Motorola finally announced the Moto G6 – the successor to the Moto G5, our favourite mid-range device – on Thursday during an event in Brazil.
Every time I check out a new Moto G smartphone, I question why I pay so much for the high-end flagships. There was no exception when I checked out the Moto G6 at a pre-brief demo event in New York City. When it boils down to it, Motorola’s “G” series smartphones do everything I need a smartphone to do for a fraction of the price I usually pay for a new smartphone.
Usually, there are tell-tale design elements that Moto G devices are in the “mid-range” of the smartphone spectrum, like a plastic back.
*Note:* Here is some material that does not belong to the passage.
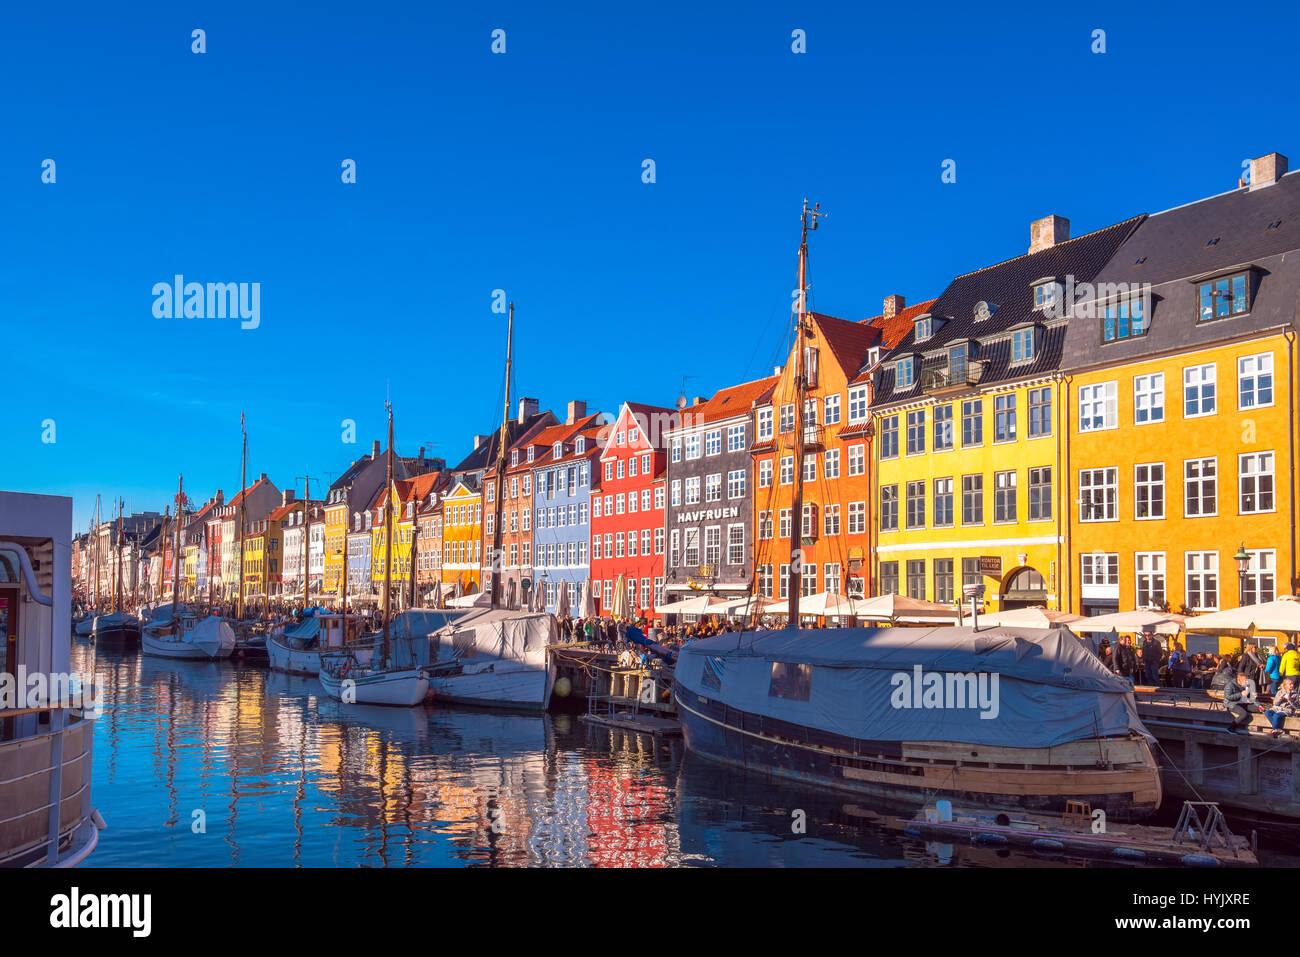 COPENHAGEN, Danimarca - 11 Marzo 2017: Copenhagen Nyhavn canal e il lungomare con le sue facciate colorate, xvii Immagini Stock

But Motorola is blurring the line between mid-range and high-end quite considerably with the Moto G6’s design.
Check out the Moto G6, which costs $US250 and will be available to buy “in the coming months:”
From the front, the Moto G6 is a pretty standard smartphone.
The Moto G6 isn’t especially exciting on the front, but that’s absolutely fine considering its $US250 price tag. At that price, no one should expect the ultra-narrow bezels and curved displays we’re seeing in the high-end flagship devices.
One thing the Moto G6 has that you’ll usually find on high-end Android devices is a 5.7-inch display with an 18:9 aspect ratio, which makes the screen taller rather than wider. It’s a nice touch, as it lets you see a little bit more of your apps than the standard 16:9 displays on smartphones from 2016 and before. And the display has a 1080p resolution, which anyone can be happy with.
It has a fingerprint sensor on the front with a neat little trick.
The Moto G6’s wide fingerprint sensor can also be used with swipe gestures – the same Android navigation buttons and actions you usually see at the bottom of the screen. Swipe right on the fingerprint sensor to get your recently-opened apps, press it to go home, and swipe left on it to go back.
It’s a nice touch that lets you hide the Android notification buttons so they get out of the way of your apps and content on the screen.
The Moto G6 runs a pretty clean version of Android, which is always a good thing.
I’m partial to smartphones that run clean versions of Android. There’s little bloatware and extra design elements, and the Moto G6 ran Android 8.0 smoothly during my short time with it as a result. And that’s with its mid-range-but-still-powerful Qualcomm Snapdragon 450 processor.
You’ll get to choose from two different models of the Moto G6, including the $US250 model with 3GB of RAM and 32GB of storage, and another with 4GB of RAM for a slight performance boost and 64GB of storage.
Both models will support extra storage with a microSD card up to 128GB.
It has a few extra features that tie in nicely with Android.
Motorola does add a few extra features in its version of Android running on the Moto G6, like gestures that act as shortcuts for the camera and flashlight. These extra features seem genuinely useful, and they didn’t feel like they bogged down the Moto G6’s performance.
You’ll find actual glass around the back of the Moto G6, which is pretty amazing considering the phone’s price tag.
Around the back you’ll find another feature that’s usually reserved for expensive high-end Android devices: A glass back. It looks and feels positively premium, and makes the Moto G6 feel like a high-end Android phone.
At the same time, while glass backs are nice, they’re one more thing that can break. And it doesn’t really offer much more aside from aesthetics on the Moto G6. Glass backs on premium Android devices afford features like wireless charging, for example, which is absent on the Moto G6. Still, I wasn’t expecting the Moto G6 to have wireless charging, and you do get that premium device look and feel with the glass back.
It is, indeed, a very nice phone for its price.
Holding and looking at the Moto G6 isn’t exactly the same experience as it is with the Galaxy S9, LG G6, or Pixel 2, but it’s pretty close.
The Moto G6 isn’t water resistant, but it is “water repellent.”
You don’t get the same kind of water resistance that the high-end Android devices have, but Motorola did add water-repellent nanocoating to the phone’s innards. Motorola claims the nanocoating is actually better than the usual “IPXX” ratings on high-end smartphones, as their nanocoating doesn’t become compromised if – or when – you drop the Moto G6.
Motorola emphasised comfort in the Moto G6 design, and it delivers.
The curved edges of the Moto G6 and its light weight make the phone comfortable to hold and use, at least during my short time with the phone during the demonstration.
The Moto G6 has a dual-lens camera.
The Moto G6’s 12-megapixel and 5-megapixel dual-lens camera gives you portrait mode, which is another feature that’s usually reserved for high-end phones. I’ll be testing out the Moto G6’s camera when I get my hands on a review unit.
And just in case you’re wondering, the Moto G6 does come with a headphone jack.
It’s not surprising that the Moto G6 comes with a headphone jack, but anyone interested in the Moto G6 who wants to keep using their wired headphones without a ridiculous dongle can rest assured that they will have a headphone jack.
You also get a USB-C port that includes fast charging for the Moto G6’s 3,000mAh battery.